BEGIN Source material

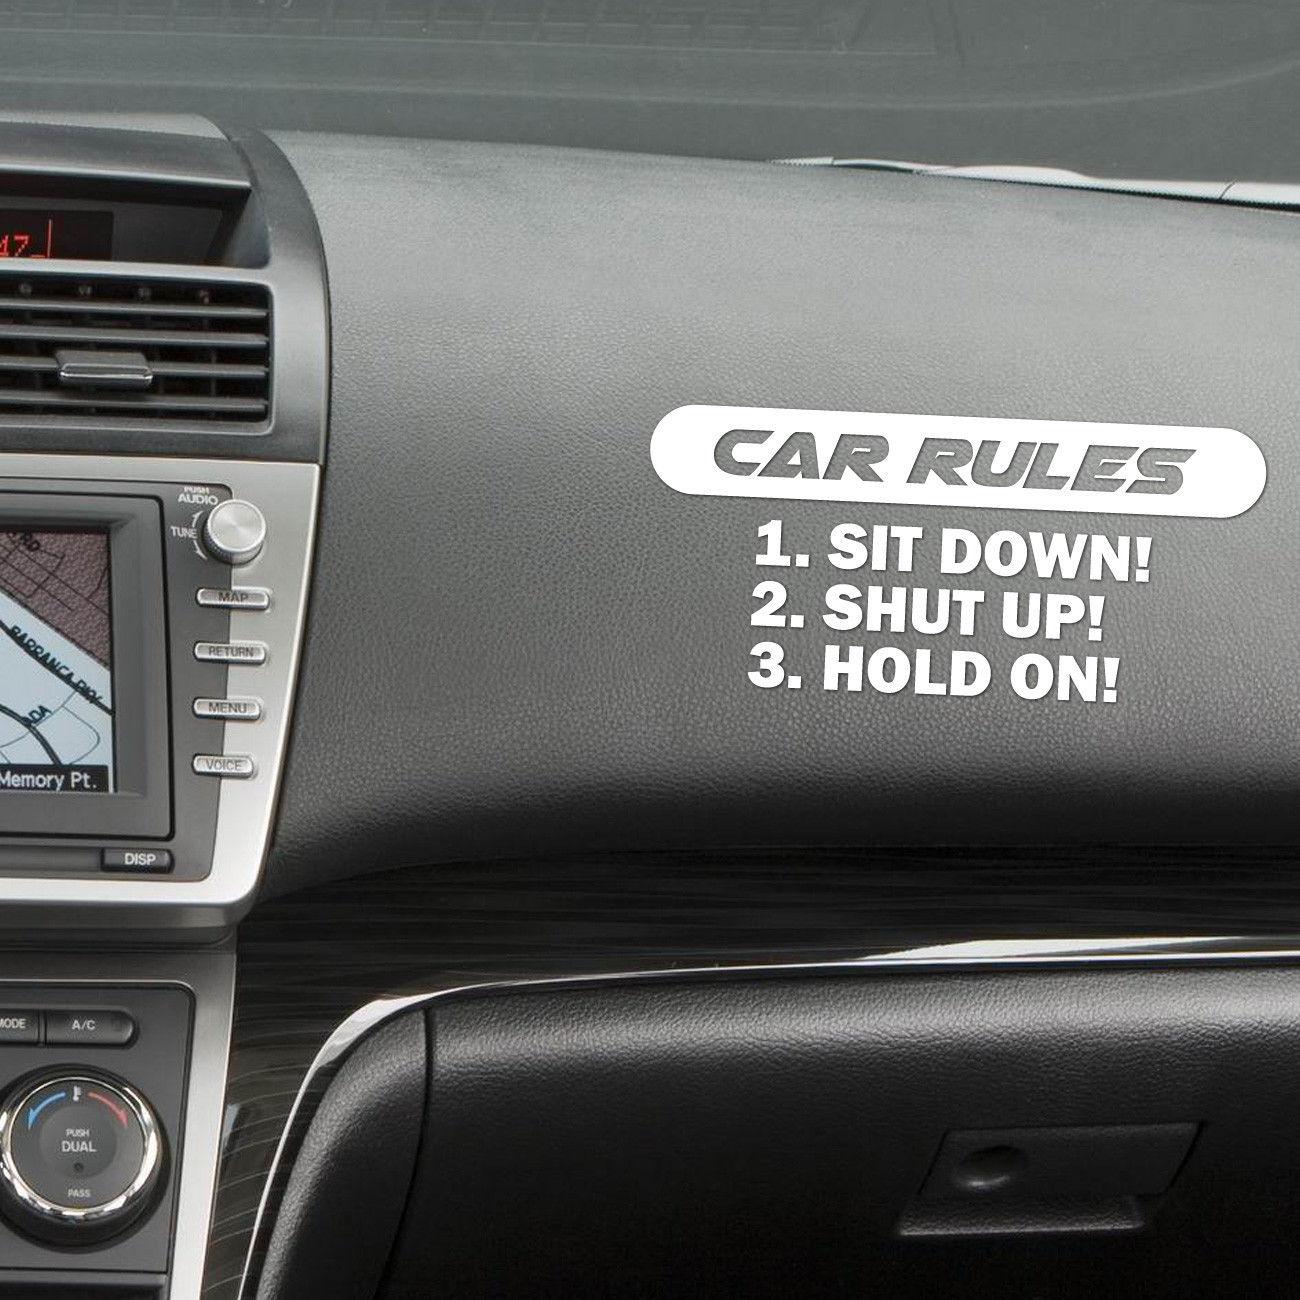 Автомобильный правила наклейка с силой автомобиль грузовик виниловая
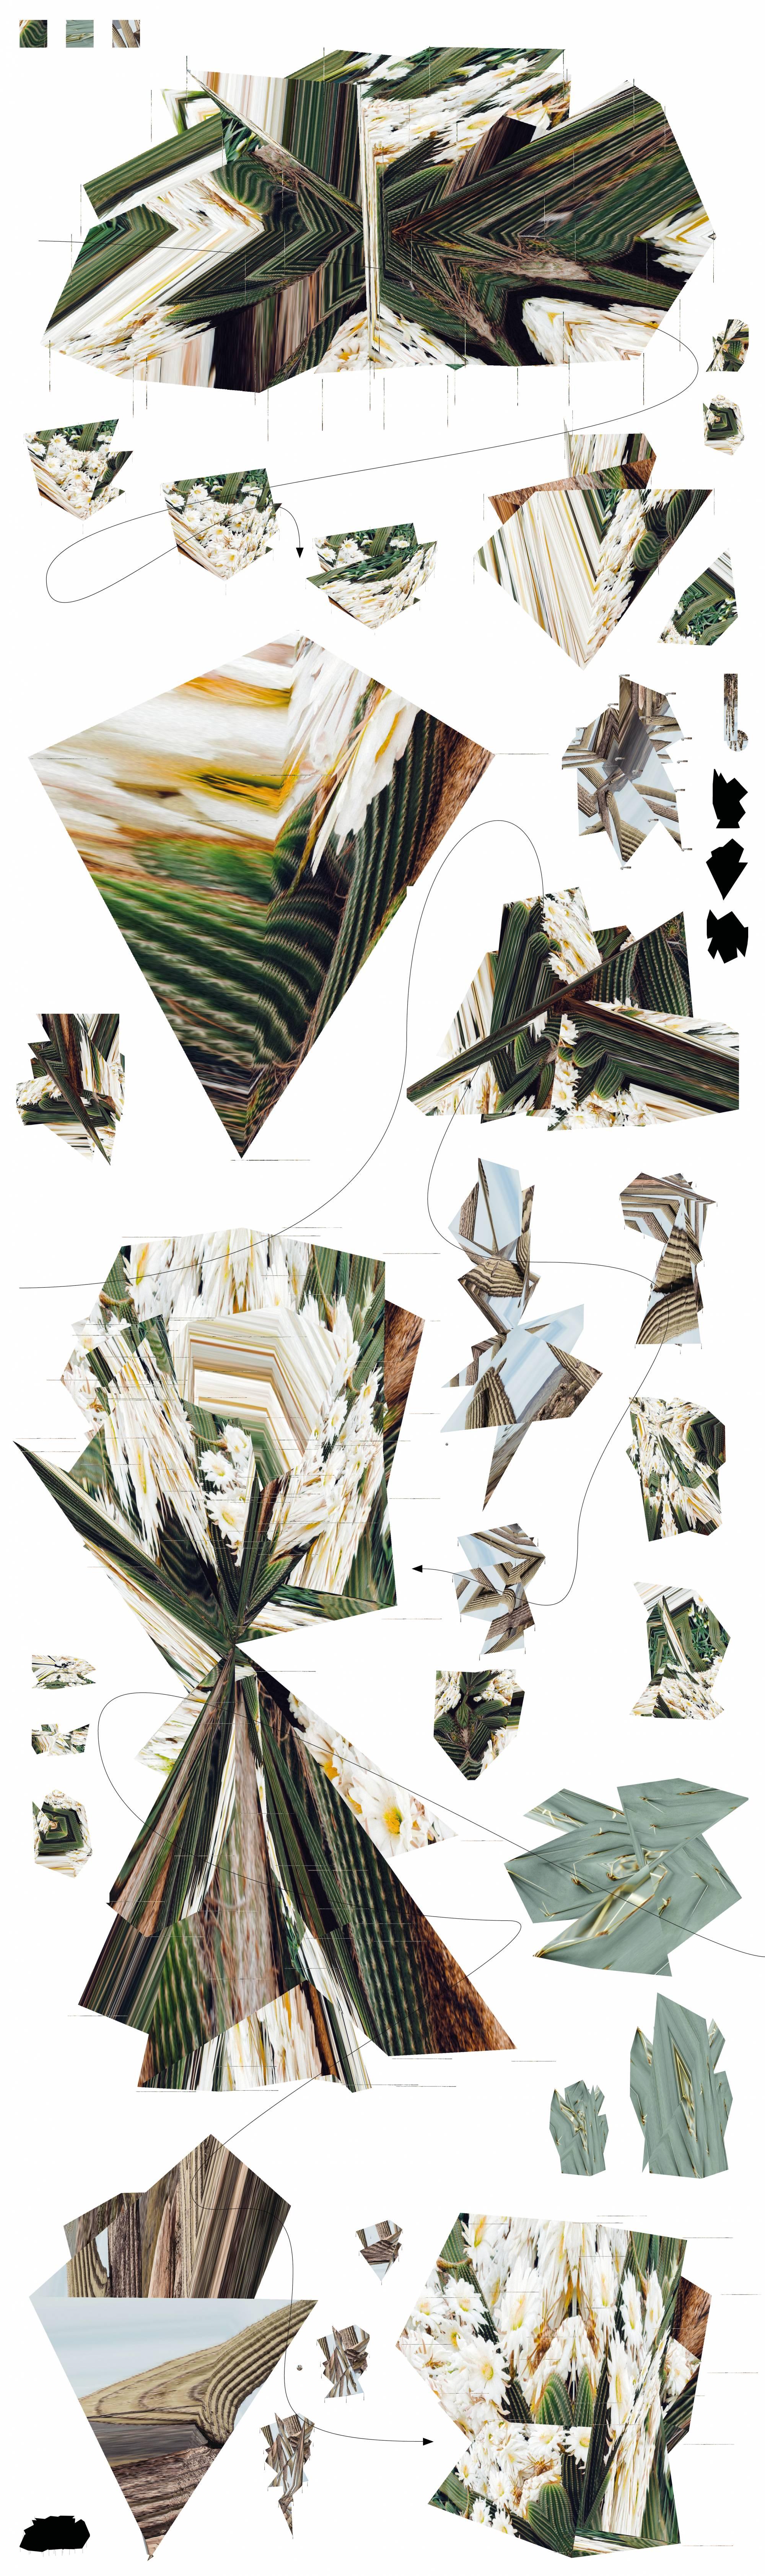 Yun Kuo / Digit-Windland /
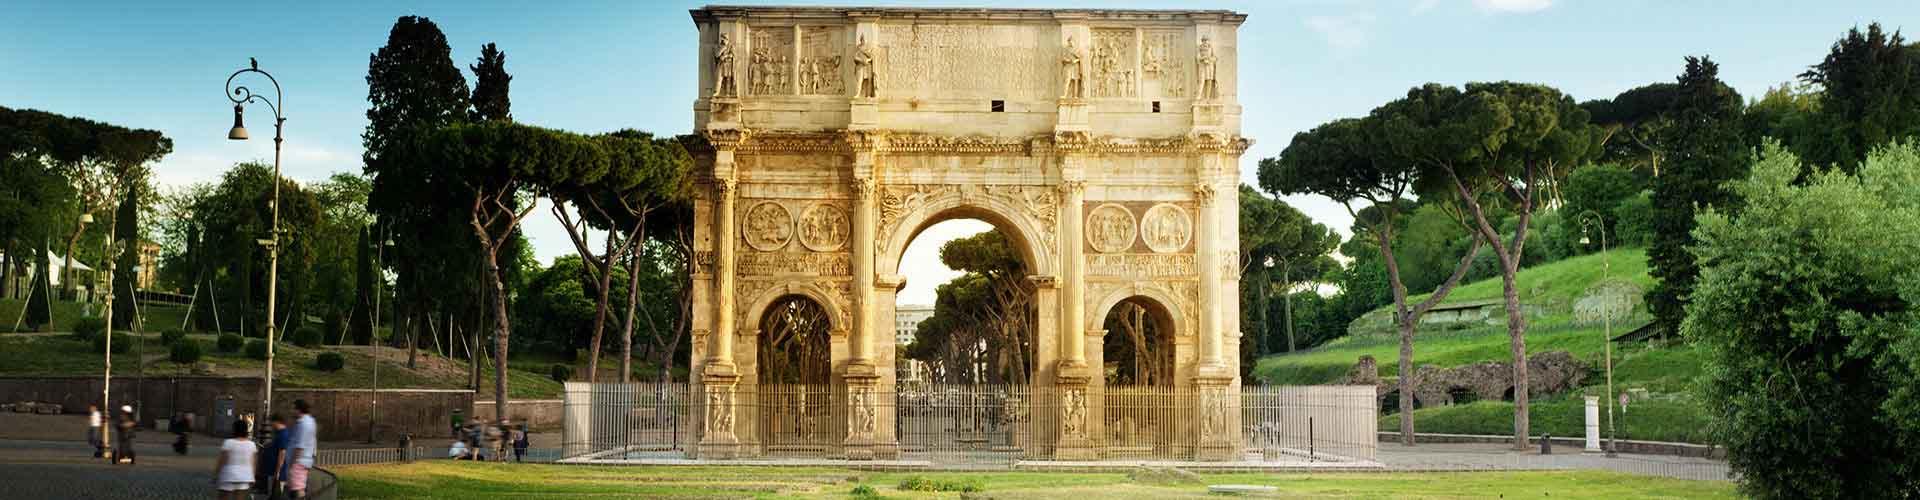 Roma - Albergues Juveniles cerca a Arco de Constantino. Mapas de Roma, Fotos y Comentarios para cada Albergue Juvenil en Roma.
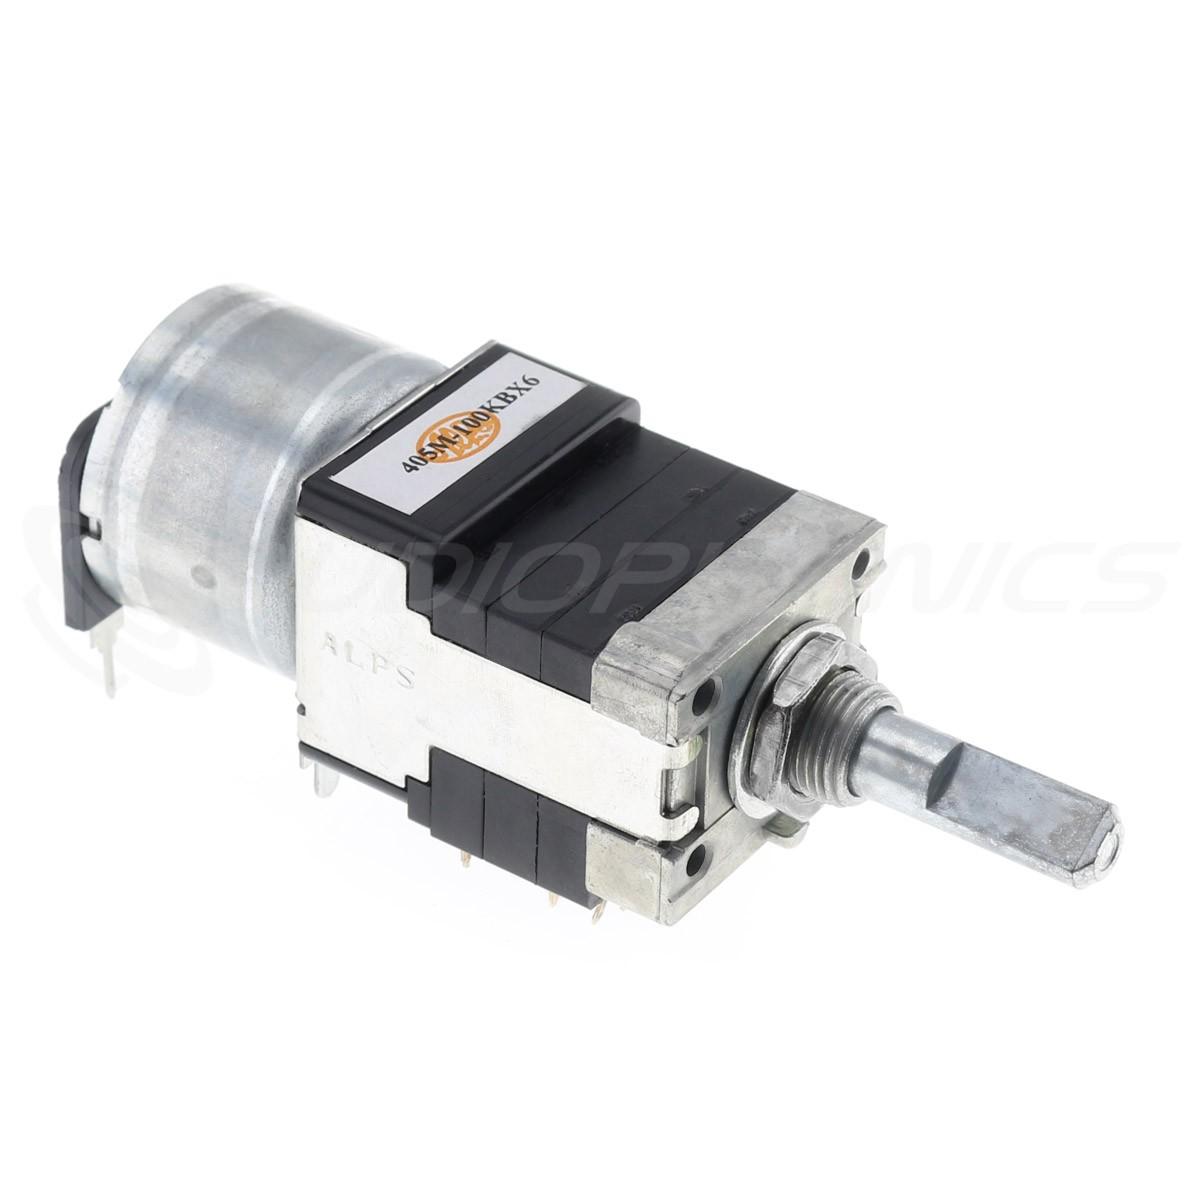 ALPS RK16816MG Potentiomètre Motorisé 6 Voies Logarithmique 100k

END Source material

▶ [Work order]
The expected answer is the lines from the one that has "Roma - Albergues" to the end of the listing, transcribed exactly, with pictures left out and no other line added.

▶ [Answer box]
 Roma - Albergues Juveniles cerca a Arco de Constantino. Mapas de Roma, Fotos y Comentarios para cada Albergue Juvenil en Roma.
 ALPS RK16816MG Potentiomètre Motorisé 6 Voies Logarithmique 100k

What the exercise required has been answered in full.